We now distinguish two cases, namely \(8x+6>0\) and \(8x+6<0\).
In both cases we multiply the inequality on both sides by \(8x+6\) because we then get a linear inequality, for which we know there is a solution method.

Suppose \(8x+6>0\), i.e. \(x> -{{3}\over{4}}\). Then we get \(2<-6(8x+6)\).
When we move everything with \(x\) to the left and all constant terms to the right, we get \(48x<-38\).
Then, dvision by the coefficient of \(x\)gives \(x < -{{19}\over{24}}\).
So we have the following system of inequalities: \(x> -{{3}\over{4}}\,\wedge\; x < -{{19}\over{24}}\)
and this simplifies to \(\text{an empty solution set}\).
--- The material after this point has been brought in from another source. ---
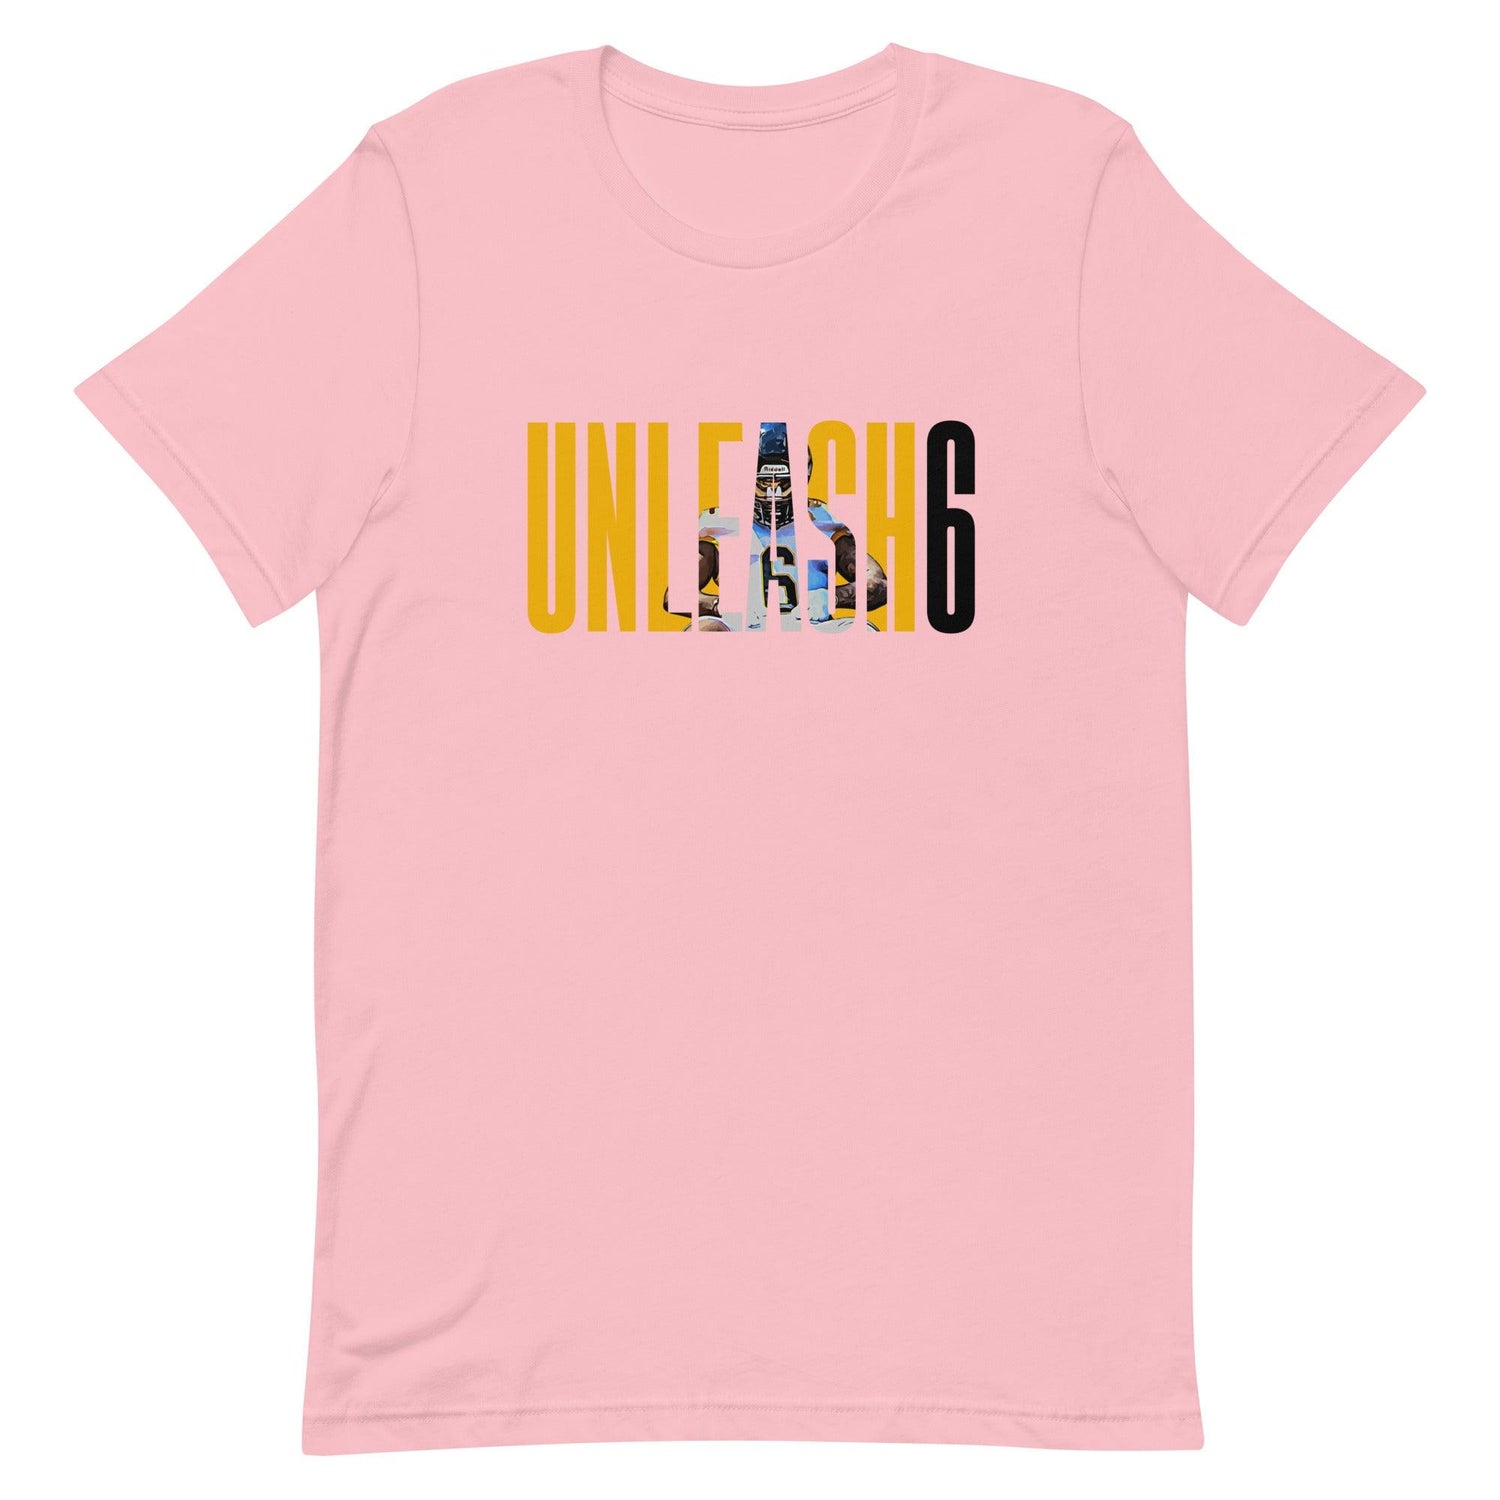 Dajon Richard "Unleash6" t-shirt - Fan Arch

Suppose \(8x+6<0\), i.e. \(x< -{{3}\over{4}}\). Then we get \(2>-6(8x+6)\).
When we move everything with \(x\) to the left and all constant terms to the right, we get \(48x>-38\).
Then, division by the coefficient of \(x\) gives \(x > -{{19}\over{24}}\).
So we have the following system of inequalities: \(x< -{{3}\over{4}}\,\wedge\; x > -{{19}\over{24}}\)
and this simplifies to \(-{{19}\over{24}}\lt x\lt -{{3}\over{4}}\).

The solution of the original inequality is \(-{{19}\over{24}}\lt x\lt -{{3}\over{4}}\).